By cross-correlating the pulsar arrival times, we can search for a common signal in all the pulsars and beat down any intrinsic pulsar noise. The more pulsars we add to our array, the better our signal gets. After carrying this cross-correlation in the pulsar arrival times, two signals should survive since they are common to all the pulsars: the amplitude of the gravitational-wave background and the distinctive Hellings and Downs curve.
A fundamental paper written in 1983 by R.W. Hellings and G.S. Downs introduced the idea that cross-correlated pulsar pairs will respond distinctively to the presence of a gravitational wave background. When we have a large number of pulsars, as we do in the North American Nanohertz Observatory for Gravitational Waves (NANOGrav), the point-by-point correlation function appears to form a curve. This is called the Hellings and Downs curve. It shows how the amplitude of the gravitational wave background is modified as a function of the angle separating each pulsar pair. This distinctive shape can’t be created by any other natural process and is largely considered to be the smoking gun for the presence of a gravitational wave background in a pulsar timing array.
NATURAL CURVE: The distinctive shape shown in the Heiling and Downs chart (above) can’t be created by any other natural process. It’s considered to be the smoking gun for the presence of a gravitational wave background. Credit: Chiara Mingarelli.
By finding both the presence of the Hellings and Downs curve in our cross-correlated pulsar data, together with a common amplitude signal of the gravitational wave background, we can bring our millions of dancing supermassive black hole pairs to the fore.

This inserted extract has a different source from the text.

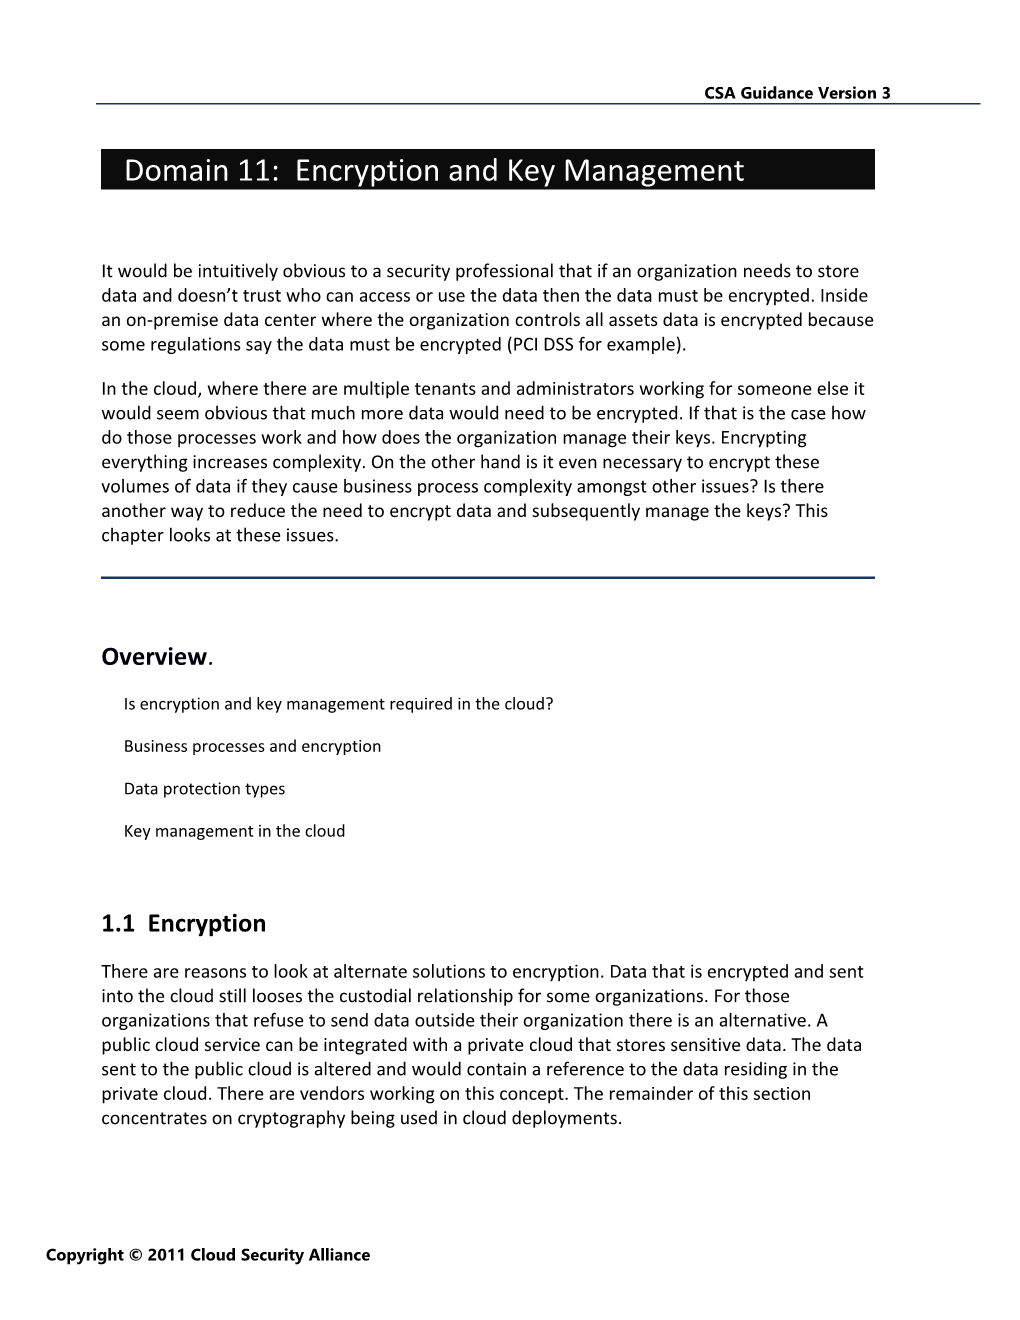 Domain 11: Encryption and Key Management

As pulsar timing arrays become more and more sensitive, they will be able to measure how the amplitude of the gravitational wave background evolves as a function of frequency, which can give us clues as to what is creating the gravitational wave background. While it is widely held that supermassive black holes should generate this low-frequency background, other sources of low-frequency gravitational waves include primordial gravitational waves from inflation, the quantum fluctuations from a fraction of a second after the Big Bang, and exotic networks of cosmic strings, the theoretical, super dense filaments of matter-energy, which can be the size of the entire universe.
Probing this background will give us deeper insights into open problems in astrophysics. The secrets that are hidden within pulsar timing array data may lead to answering critical questions for astronomers. We will be able to say, for example, what will happen to our supermassive black hole, Sagittarius A*, when our galaxy collides with neighboring Andromeda.

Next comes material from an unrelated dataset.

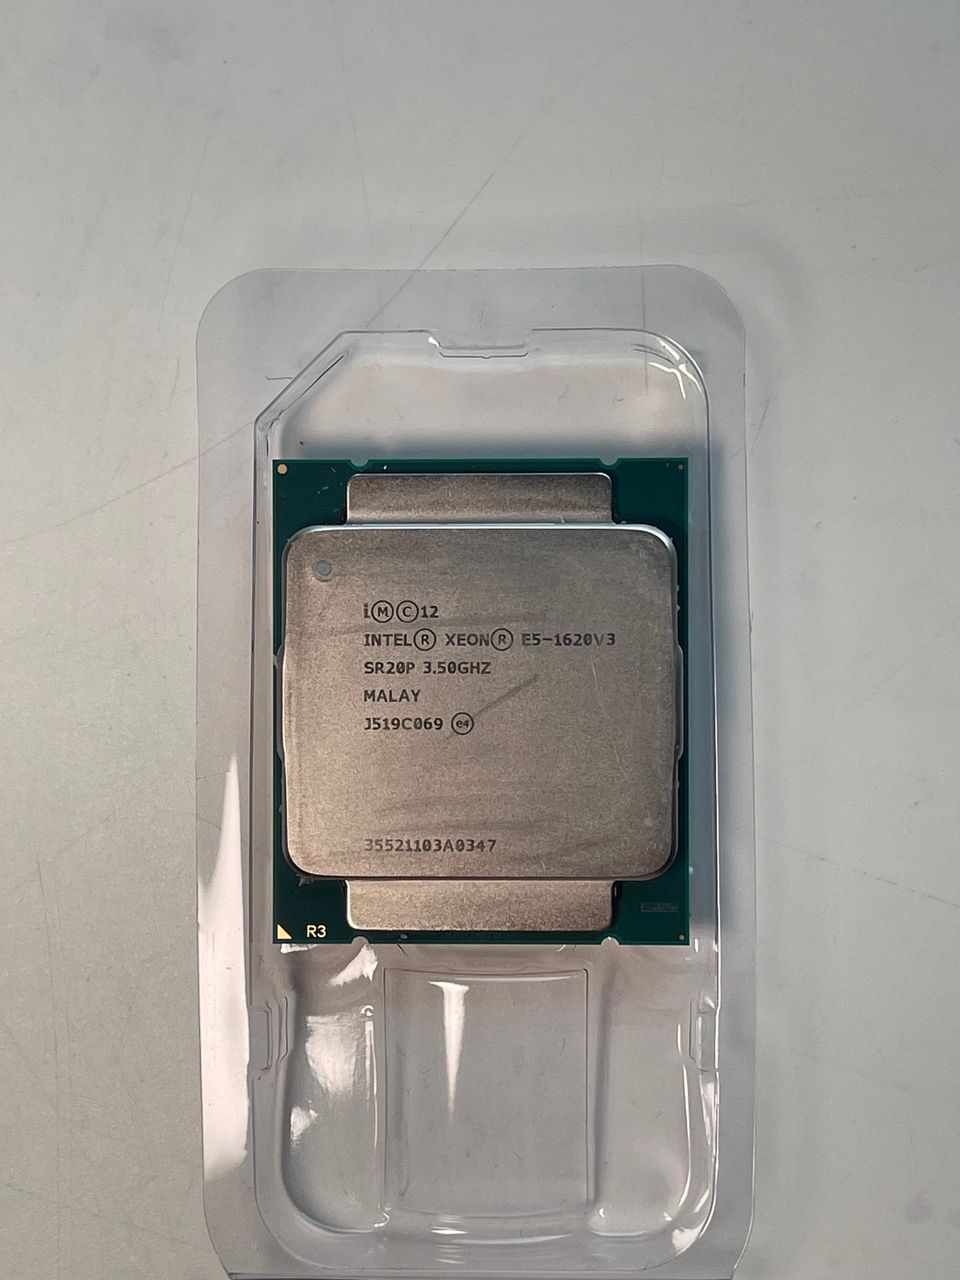 Intel Xeon E5-1620 v3 FCLGA2011

We will also be able to say general relativity has, or has not, passed another test when huge gravitational forces are in play. Indeed, some theories predict that gravity, in very strong gravitational regimes—such as in supermassive black hole mergers—behaves differently than what Einstein suggested. According to general relativity, a supermassive black hole binary’s orbit should shrink in a specific way while emitting gravitational waves. Deviations from this could indicate new physics beyond general relativity. Gravitational waves, like light, are also polarized. General relativity predicts two polarizations (called plus and cross), but others could also exist, again pointing to either extensions of general relativity or entirely new physics.
Hopefully, within our lifetime, astronomers will gain insights into these and more open questions, all due to a whole lot of shimmies taking place throughout the universe.
Melize Ferrus has been doing research on smaller black hole mergers with the Flatiron Institute’s Center for Computational Astrophysics.
Chiara Mingarelli is an assistant professor of physics at Yale University and has been thinking about supermassive black hole mergers for over a decade.